» **Exercise instructions**
When you reach the line that contains "Men's Mid-long Boxer" in the data below, start reproducing lines exactly, and stop after the line that contains "LG 2.2 Cu. Ft.".

» **The data**
|---|
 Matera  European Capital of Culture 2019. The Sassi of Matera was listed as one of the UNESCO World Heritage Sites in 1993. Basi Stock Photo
|---|
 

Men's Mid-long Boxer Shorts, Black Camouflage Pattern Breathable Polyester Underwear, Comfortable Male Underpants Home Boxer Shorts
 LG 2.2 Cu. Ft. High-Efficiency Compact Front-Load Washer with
|---|
» **Output of the task**
Men's Mid-long Boxer Shorts, Black Camouflage Pattern Breathable Polyester Underwear, Comfortable Male Underpants Home Boxer Shorts
 LG 2.2 Cu. Ft. High-Efficiency Compact Front-Load Washer with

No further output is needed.